Mais, pour M. Lecornu, après sa capitulation en rase campagne devant les exigences du parti socialiste, c’était prendre un grand risque de mêler « l’Histoire » aux petitesses d’un pouvoir qui n’a plus d’autre moyen que de se renier et d’autre objectif que d’occuper les palais nationaux.
Et ce que « l’Histoire » retiendra, ne lui en déplaise, c’est qu’il a eu tout faux sur toute la ligne. Jamais, en près de 68 ans de Vᵉ République, un Premier ministre n’avait pris un pareil engagement de renoncer à une prérogative que la Constitution a donné au pouvoir exécutif, précisément afin de remédier aux dérives des Républiques antérieures, où il était monnaie courante que le budget de l’État ne soit pas adopté dans les délais requis, et où l’on avait l’habitude de fonctionner avec des « douzièmes provisoires », c’est-à-dire suivant le budget de l’année précédente, dans l’attente du vote du budget de l’année en cours.
À l’occasion de ce débat budgétaire, on a pu entendre sur les ondes ou lire sur les journaux que l’homme de Matignon était « habile ». Je ne voyais pas ce qui autorisait à lui appliquer ce qualificatif. Il est tellement facile, avec les milliards dont on ne dispose pas et en creusant la dette, de donner satisfaction à des opposants pour ne pas être censuré. Aujourd’hui, la preuve est faite : il a été tout, sauf habile. D’où sans doute cette colère difficilement rentrée au moment de se dédire.
Les derniers évènements font d’ailleurs plutôt penser au « Je décide, et il exécute », le célèbre aphorisme de Jacques Chirac appliqué à son ministre des finances, Nicolas Sarkozy, que M. Macron peut reprendre à son compte à la fin du feuilleton budgétaire. Bien sûr, Sébastien Lecornu a exécuté, et retourné sa veste. Bonjour, le retour au 49.3 ! Mais à quel prix ?

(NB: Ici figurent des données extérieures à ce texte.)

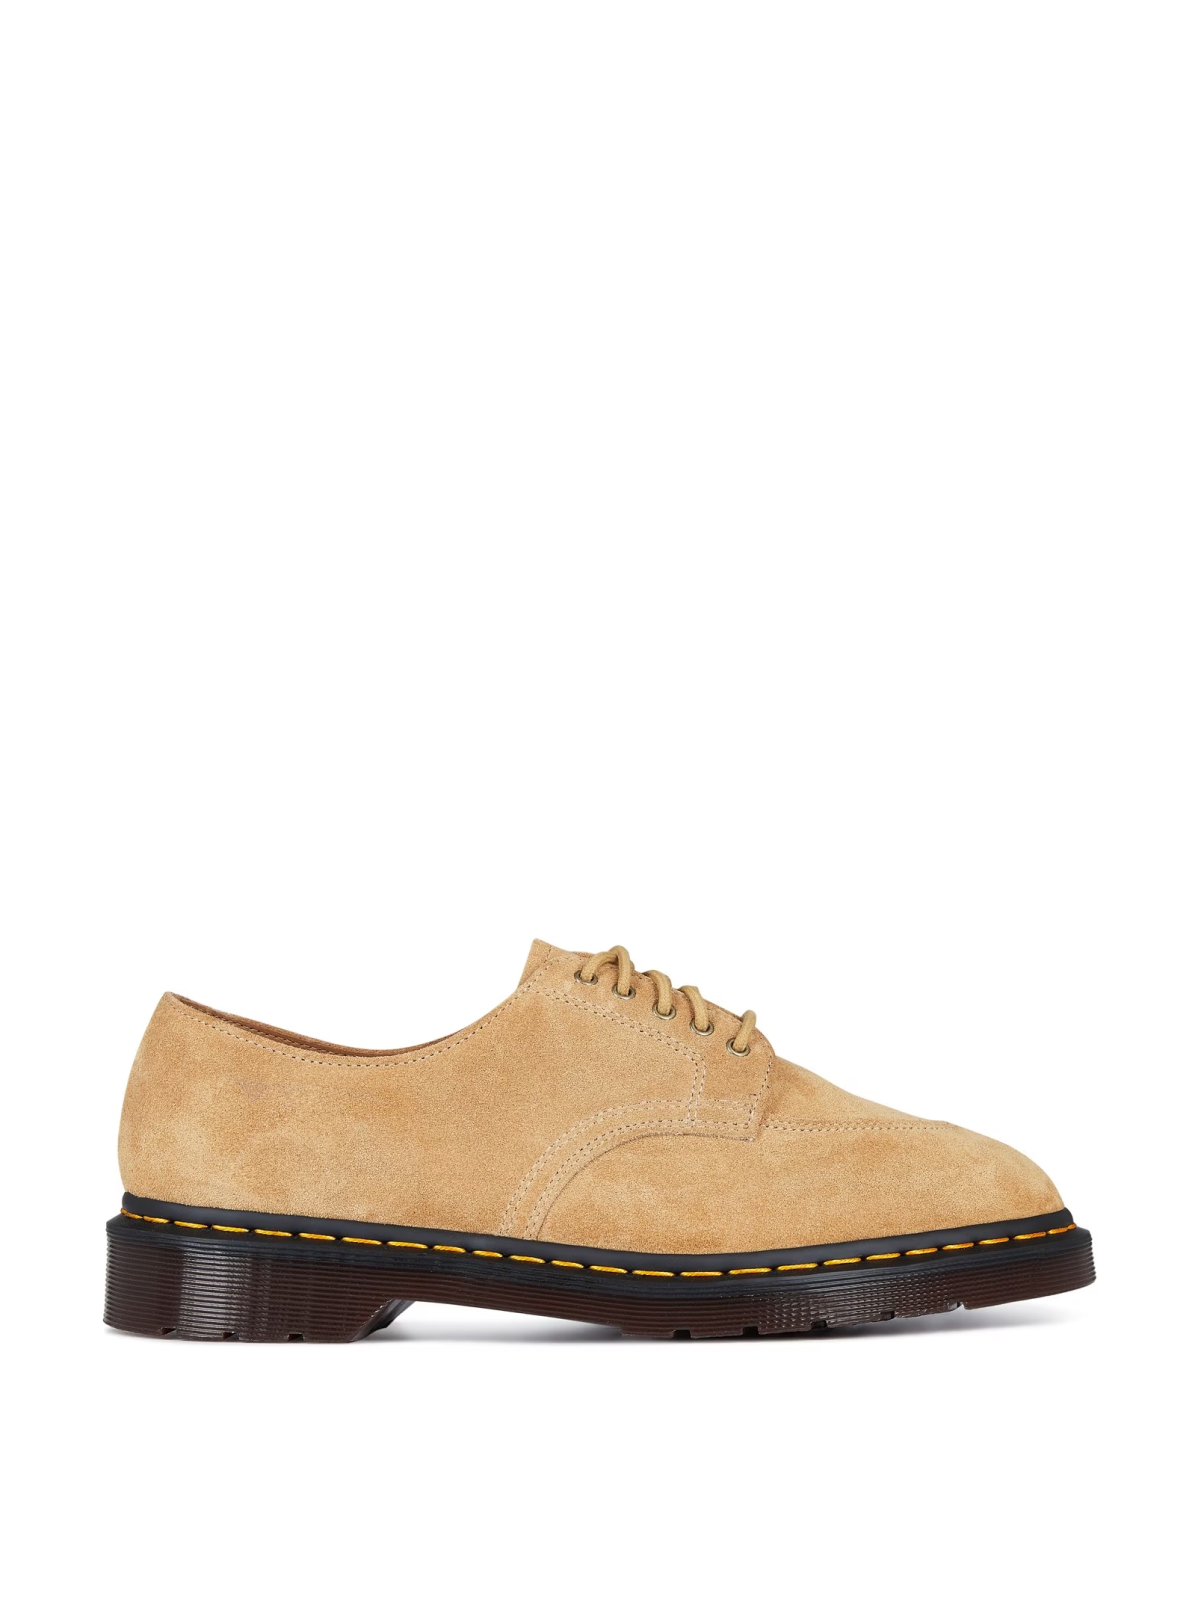 2046 Repello Sand Lace-up Derby

D’abord, le renoncement à la parole donnée. On dira, non sans raison, que c’est monnaie courante en politique. Mais l’exemple vient d’en haut (combien de référendums annoncés par M. Macron qui n’ont jamais vu le jour ?), et il n’était pas utile d’en rajouter une couche, de discréditer davantage encore la parole publique.
D’autre part, le prix à payer est élevé, très élevé même, pour permettre à un Président désavoué par le peuple français d’aller au terme de 10 années de pouvoir qui ne seront certainement pas gravées dans le marbre des grands mandats présidentiels. À la renonciation à la réforme des retraites, il a fallu ajouter une augmentation des dépenses sociales, pour ne pas dire socialistes, de 8 milliards d’euros, et une augmentation des impôts qui pèsent sur les entreprises, puisque ce gouvernement est incapable d’organiser une quelconque diminution des frais généraux de la nation et de réduire le train de vie de l’État.
Dans un pays qui peut se vanter d’être le champion du monde des prélèvements obligatoires, c’est méconnaître gravement une loi élémentaire : ce sont les entreprises privées qui créent les emplois, et l’on ne devrait distribuer que la richesse que l’on est capable de produire.
Au total, il est certain que « l’Histoire » chère à M. Lecornu ne retiendra de la fin de la Macronie qu’un immense champ de ruines : 10 années perdues pour la France, une France endettée comme jamais et ridiculisée dans le concert des nations, un État abaissé, une autorité évaporée, une insécurité généralisée, des services publics qui ne fonctionnent plus.
Au lendemain des élections municipales, dès la fin mars, les grandes manœuvres pour 2027 vont commencer. Les tenants de la « stabilité » ont promis aux Françaises et aux Français qu’ils auraient droit à une belle et longue campagne électorale, au contraire de ce qu’aurait donné une brève campagne s’ils avaient opté pour une démission de M. Macron après les élections législatives perdues de 2024.
Dans la situation de la France de 2026, qui n’ira pas en s’améliorant dans les mois à venir, j’aimerais me tromper en écrivant que l’on va assister – une fois encore – à un concert de démagogie en total décalage avec les nécessités du redressement de la France, de son économie, de ses finances, qui ne pourra passer que par un choc de confiance.
De cela, nous aurons le temps de reparler.